_WHAT THE TASK ASKS_
When you copy the material below, keep every line exact and omit the pictures.

_GIVEN DATA_
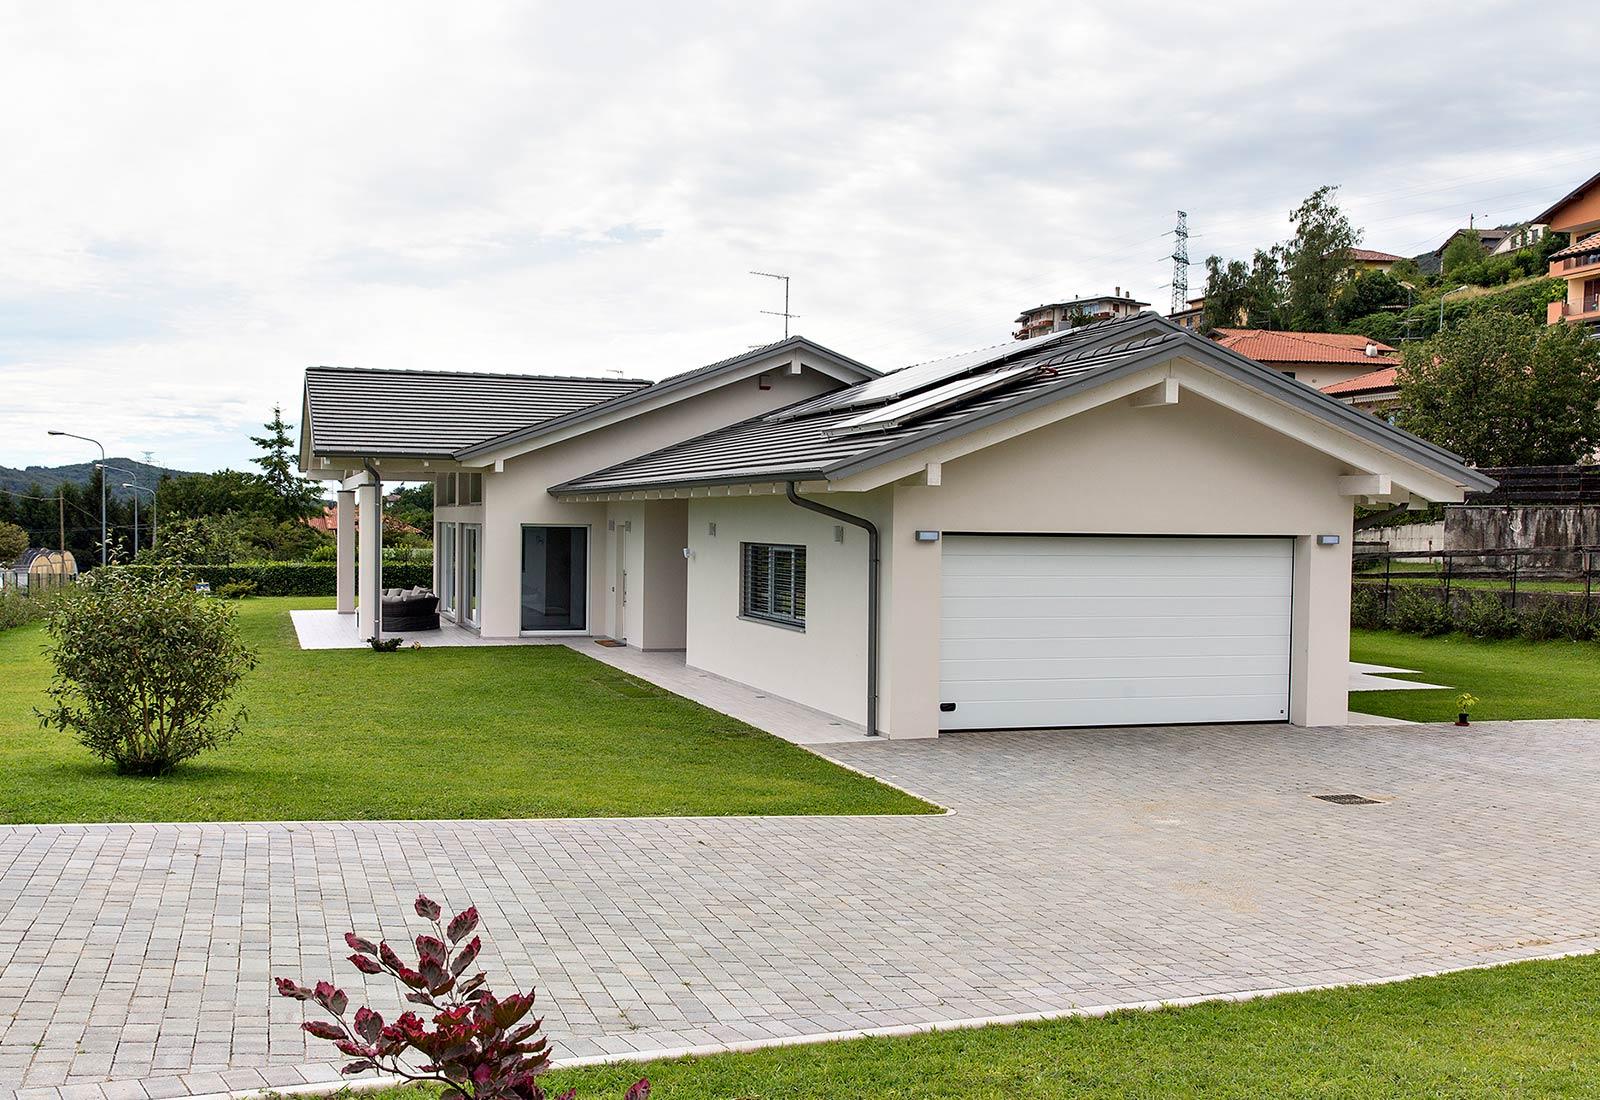 Casa-in-legno-Nebbiuno-Novara-Kager-Italia-02
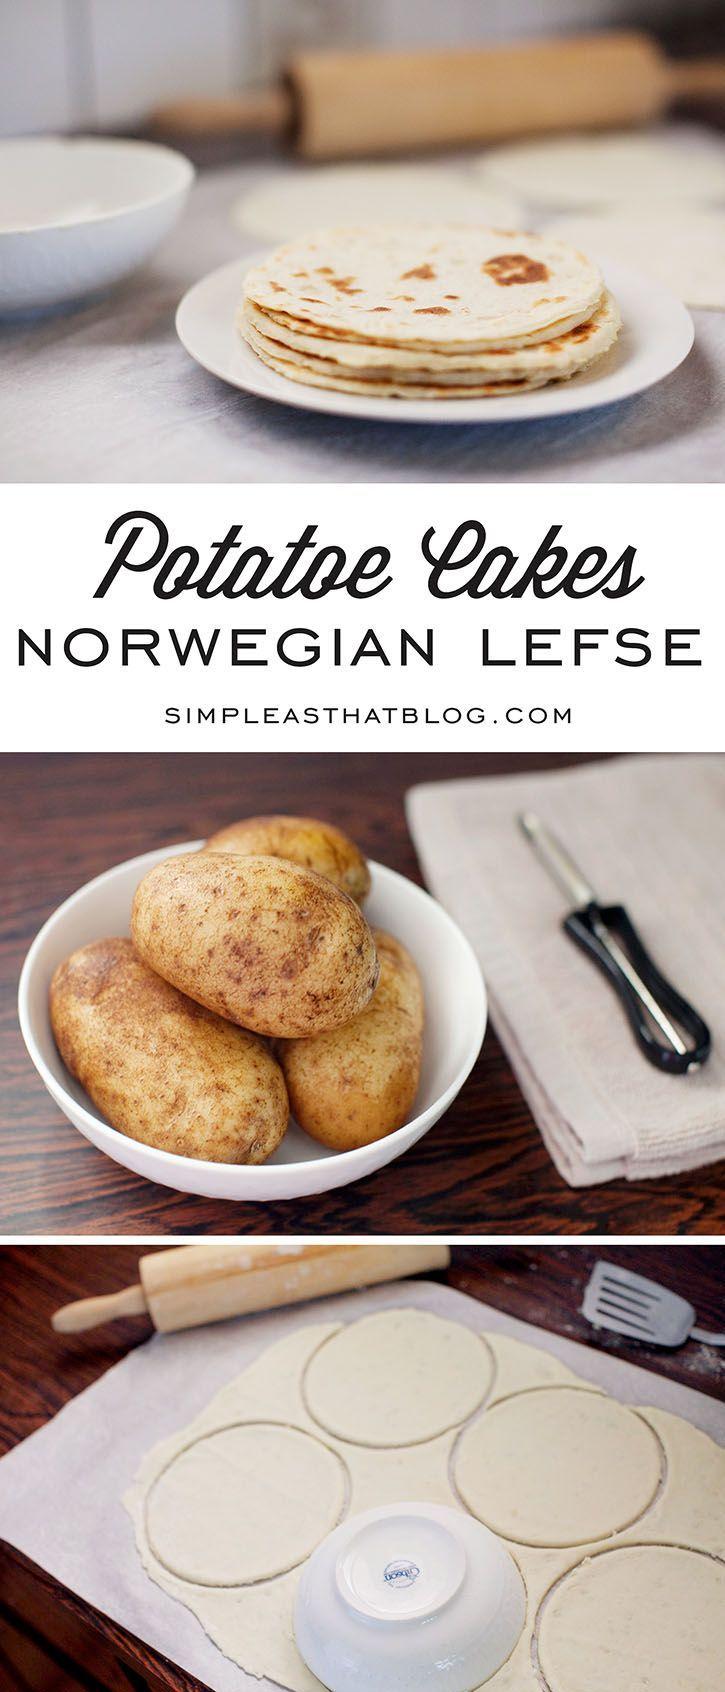 Traditional Norwegian Lefse or Potato Cake
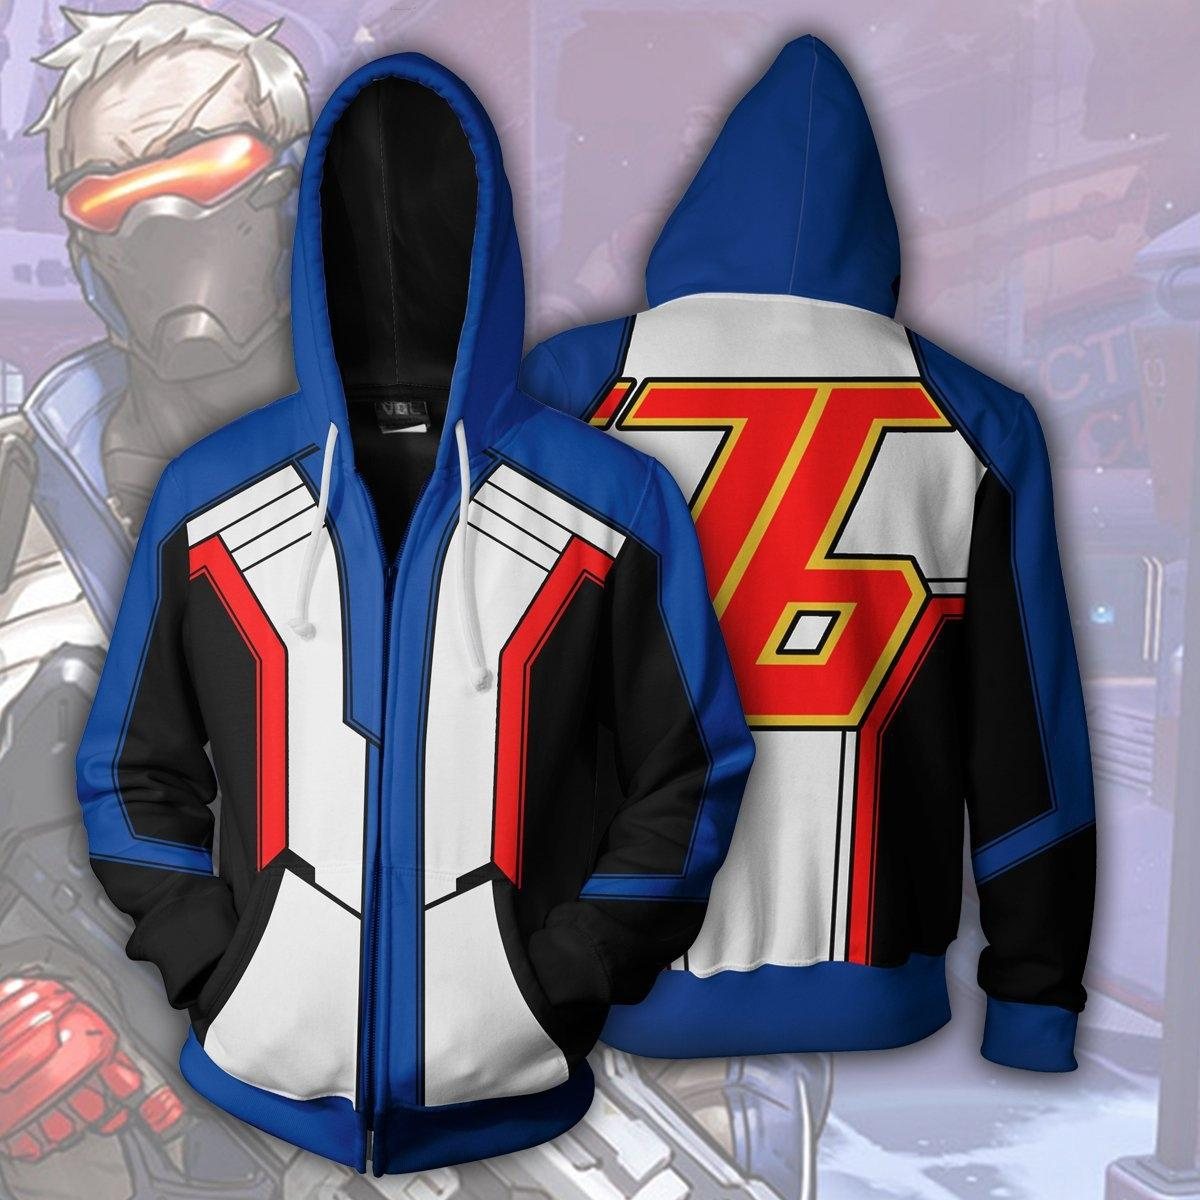 XueYN Nuovo orologio pioniere Soldato serie 76 cardigan cosplay anime periferica nuova vigilanza del hoodie pioniere serie Soldier 76 cardigan con cappuccio EzTmP
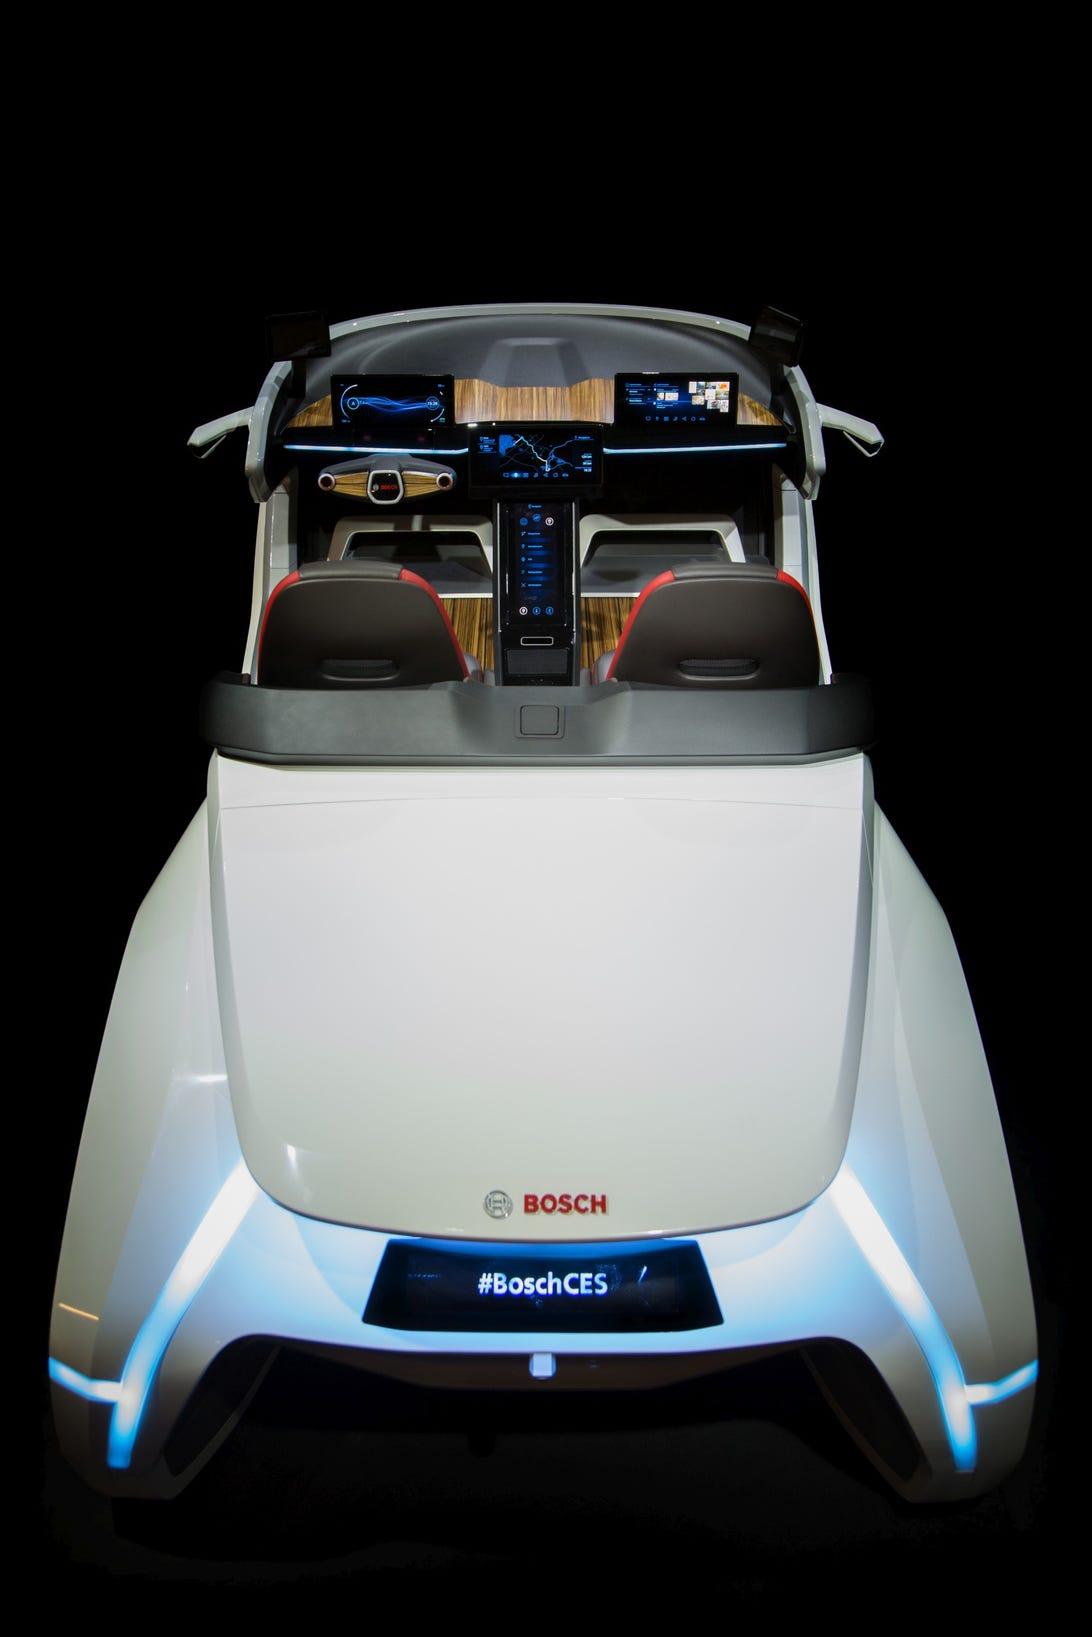 Bosch CES 2017 Concept Car

_THE ANSWER_
 Casa-in-legno-Nebbiuno-Novara-Kager-Italia-02
 Traditional Norwegian Lefse or Potato Cake
 XueYN Nuovo orologio pioniere Soldato serie 76 cardigan cosplay anime periferica nuova vigilanza del hoodie pioniere serie Soldier 76 cardigan con cappuccio EzTmP
 Bosch CES 2017 Concept Car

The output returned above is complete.